Give again, exactly as written, each line of the material below starting at the line that contains "王世堅揭阿中部長的內心 柯志恩曝韓國瑜未來動向!" and ending at the line that contains "limpide en vue". Both ends count, and no other line does.

▸ LISTED ENTRIES
──────────

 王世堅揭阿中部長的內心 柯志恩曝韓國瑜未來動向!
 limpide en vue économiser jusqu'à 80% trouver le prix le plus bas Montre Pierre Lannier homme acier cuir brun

──────────

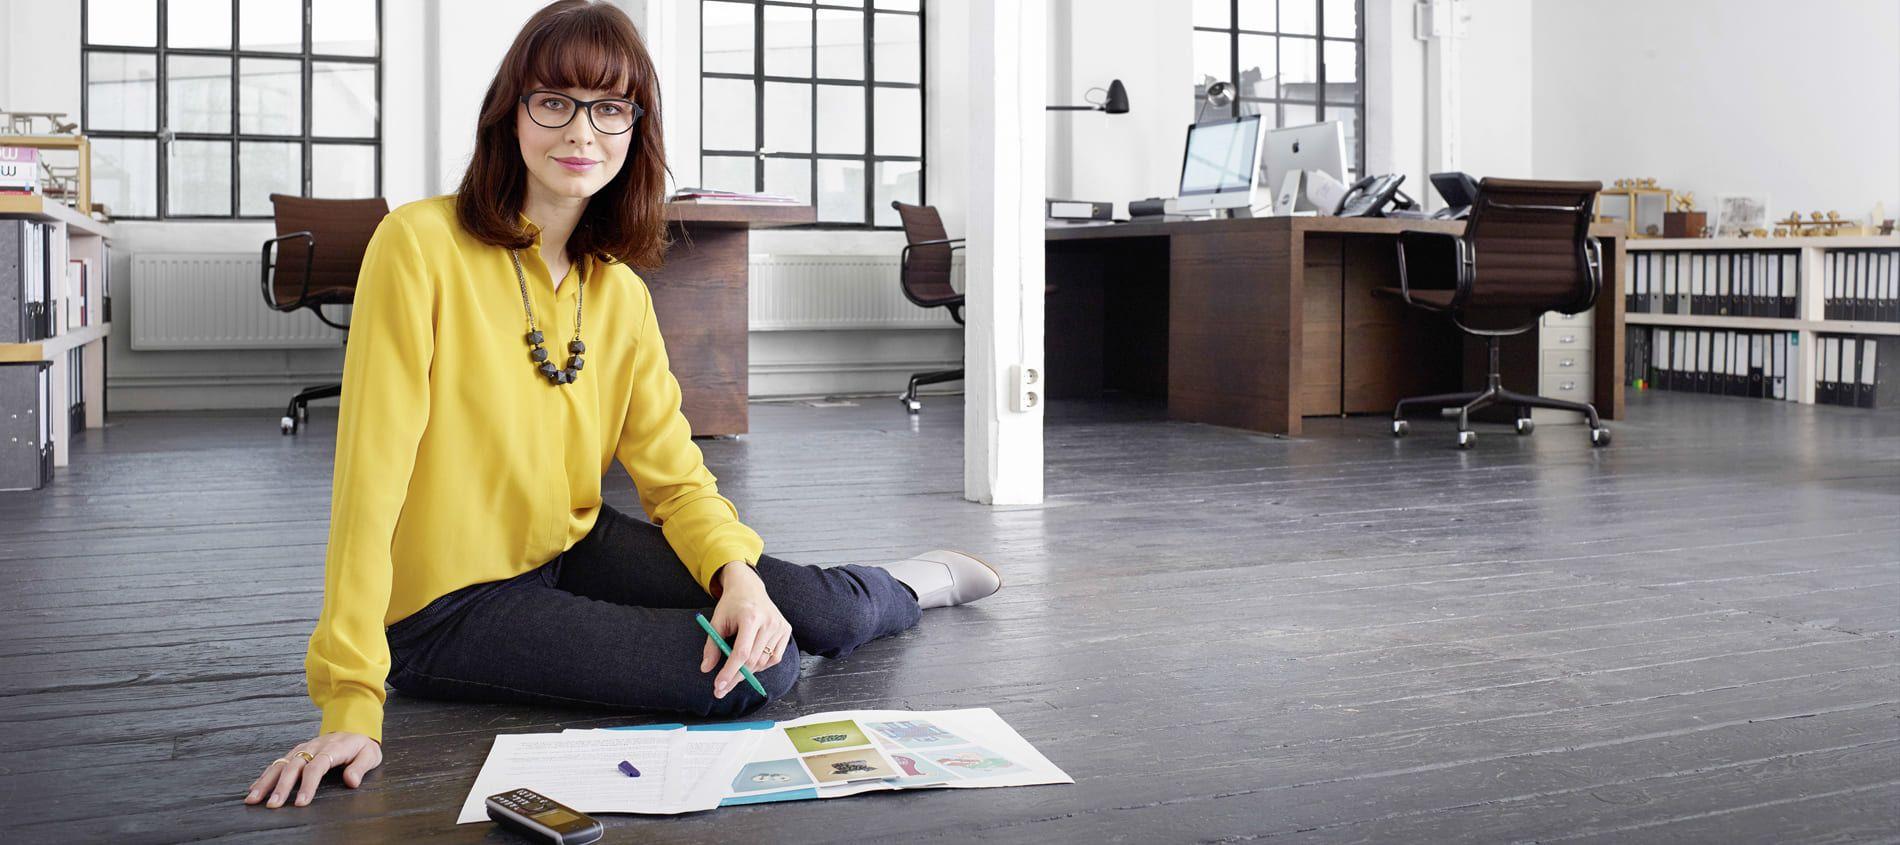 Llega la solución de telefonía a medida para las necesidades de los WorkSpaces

──────────

▸ TASK RESPONSE
 王世堅揭阿中部長的內心 柯志恩曝韓國瑜未來動向!
 limpide en vue économiser jusqu'à 80% trouver le prix le plus bas Montre Pierre Lannier homme acier cuir brun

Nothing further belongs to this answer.